2.1.4.2 Prop-2-yn-1-yl(methoxypoly(oxyethylene)oate) (13). Compound 13 was obtained as a yellow colored viscous liquid (0.311 g, 60% yield). IR (KBr) ν_max: 3324, 2920, 2880, 2130, 1756, 1603, 1461, 1210, 1123 cm⁻¹; ¹H NMR (400 MHz, CDCl₃): δ 2.48 (s, 1H, H-3), 3.27 (s, 3H, –OCH₃), 3.53–3.54 (m, –OCH₂–CH₂ of mPEG region), 4.11 (s, 2H, H-2′), 4.64 (s, 2H, H-1); ¹³C NMR (100.5 MHz, CDCl₃): δ 52.16 (C-1), 59.01 (–OCH₃), 68.46 (C-2′), 70.48, 70.57, 70.99, 71.91 (–OCH₂CH₂), 75.54 (C-3), 169.73 (C=O).

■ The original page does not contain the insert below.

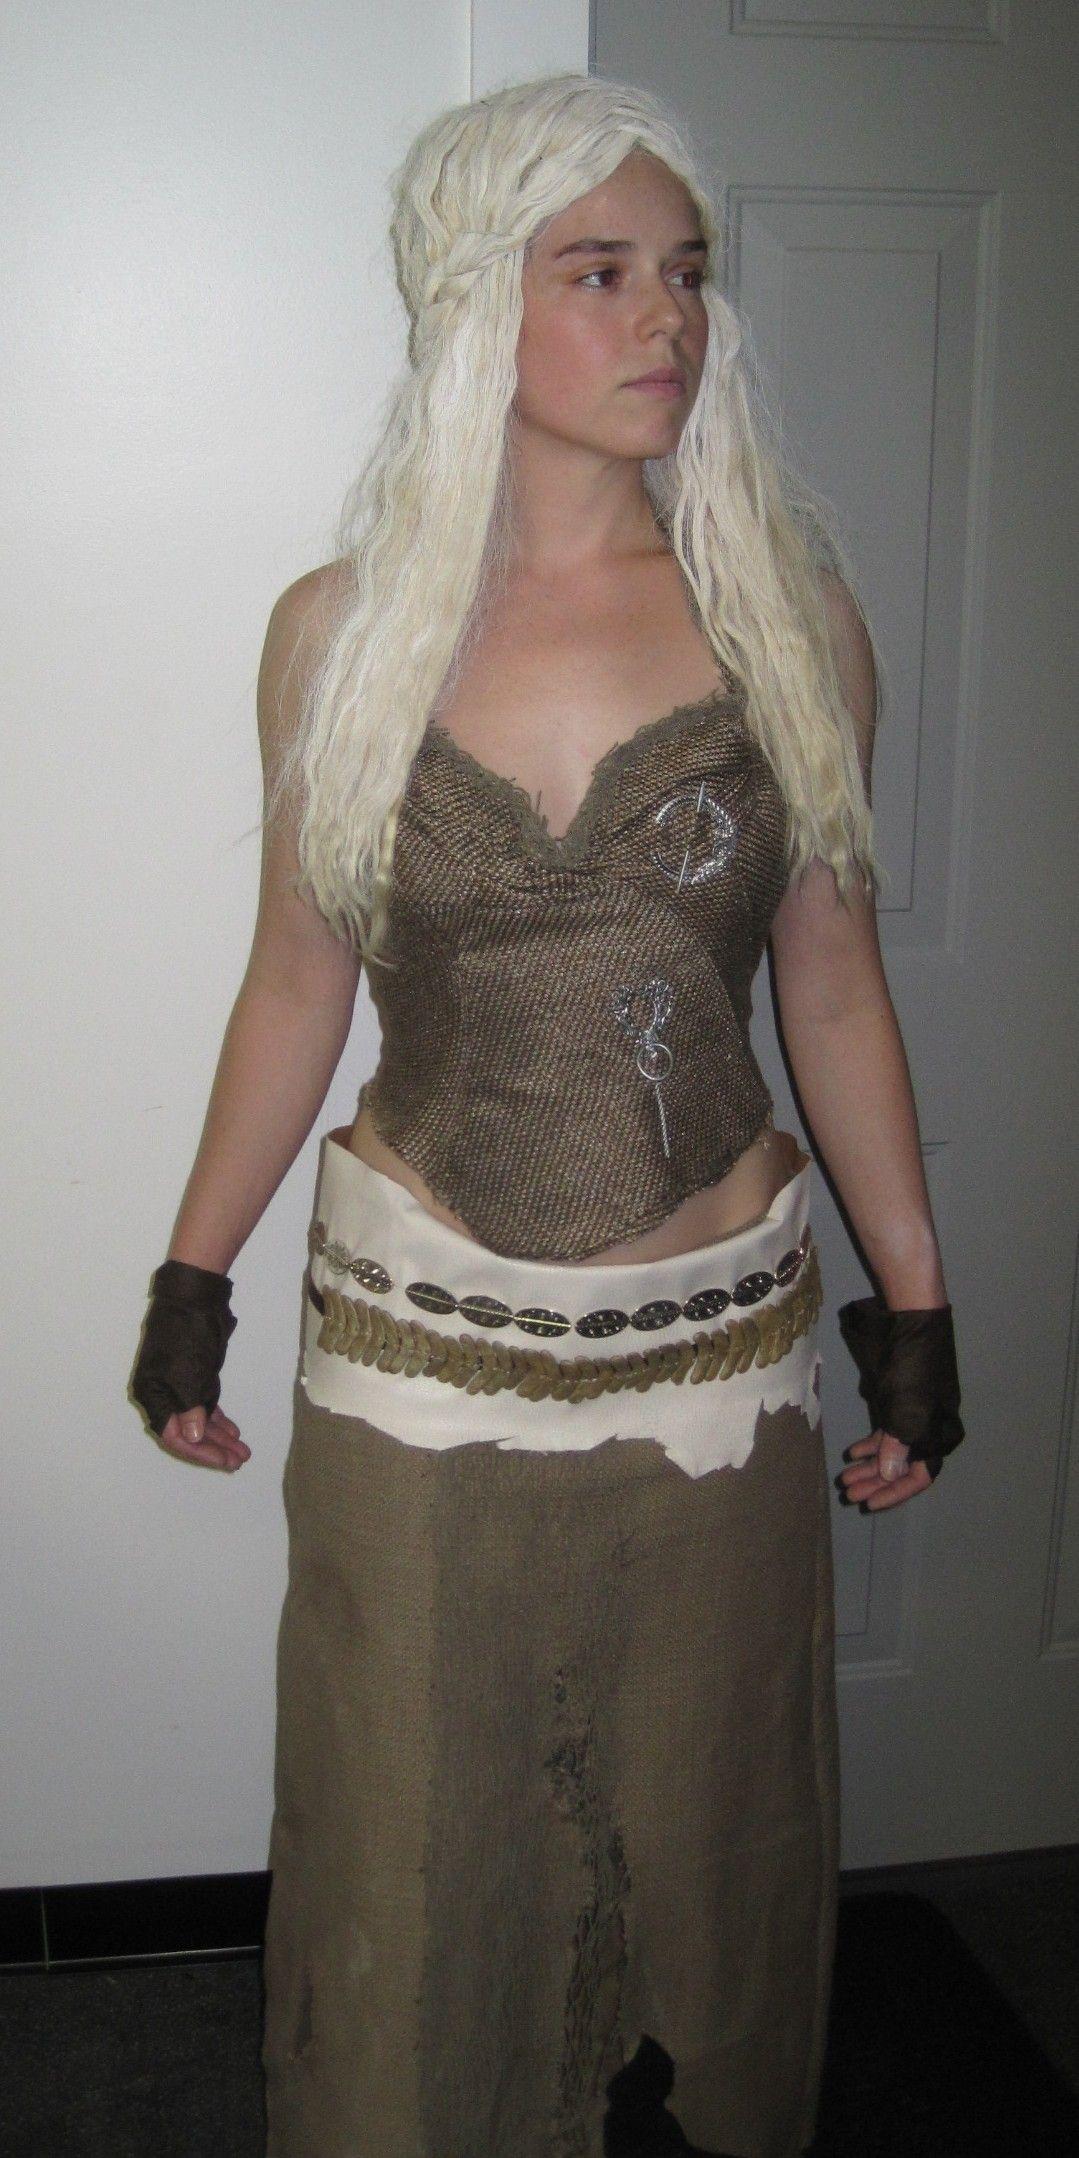 how to make daenerys belt costume - Google Search  sc 1 st  Pinterest & how to make daenerys belt costume - Google Search | Costume ...
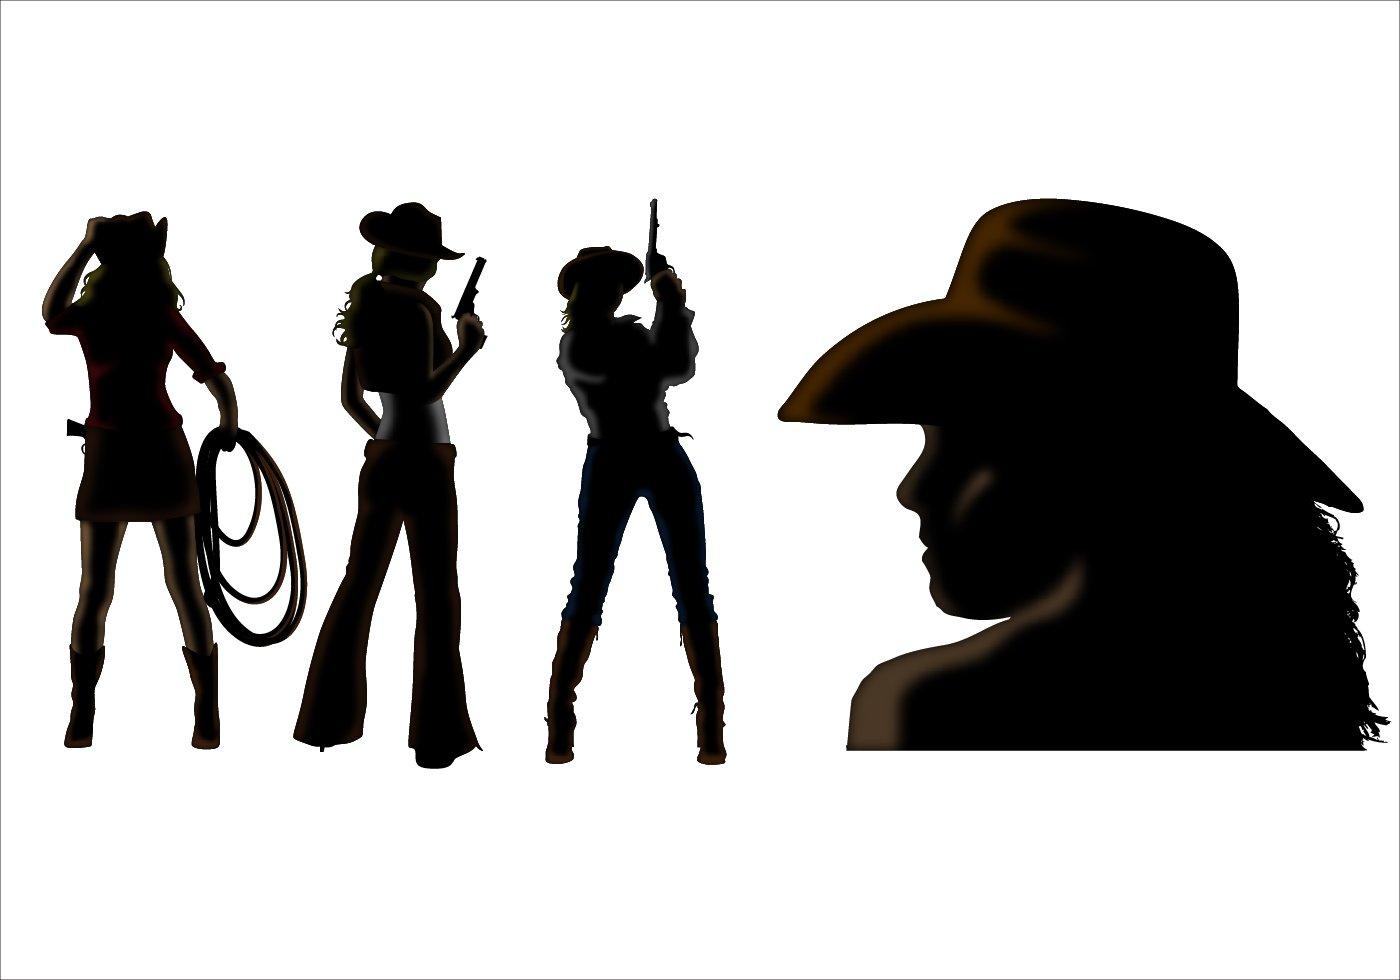 cowboy silhouette images clipart best

2.1.5 General procedure for the synthesis of compound AM-C₁₂-P₇₅₀/AM-C₁₅-P₇₅₀/AM-C₁₂-P₁₀₀₀/AM-C₁₅-P₁₀₀₀. The hydrophobic moiety (6/7) (25 mg, 1 equiv., 43/36 μmol) and the hydrophilic moiety (12/13) (110/90 mg, 2.5 equiv., 104/92 μmol) were taken together in a 10 mL round bottom flask and dissolved in tetrahydrofuran (THF) (3 mL). Copper sulphate (4.2/3.7 mg, 0.4 equiv., 17/15 μmol) and sodium ascorbate (7.0/5.8 mg, 0.8 equiv., 33/29 μmol) were taken in a sample vial and dissolved in water (1 mL), this solution was then added to the reaction mixture. Reaction was kept for stirring for 24 h at 50 °C, the progress of the reaction was monitored by TLC. After completion of the reaction, THF was evaporated under reduced pressure and the residual product then extracted with chloroform (3 × 20 mL). The organic layer was dried over anhydrous sodium sulphate and the solvent was evaporated by using a rotary evaporator. The crude product so obtained was purified by column chromatography using the mixture of chloroform and methanol. The amphiphiles (AM-C₁₂-P₇₅₀/AM-C₁₅-P₇₅₀/AM-C₁₂-P₁₀₀₀/AM-C₁₅-P₁₀₀₀) were obtained in 70–75% yield.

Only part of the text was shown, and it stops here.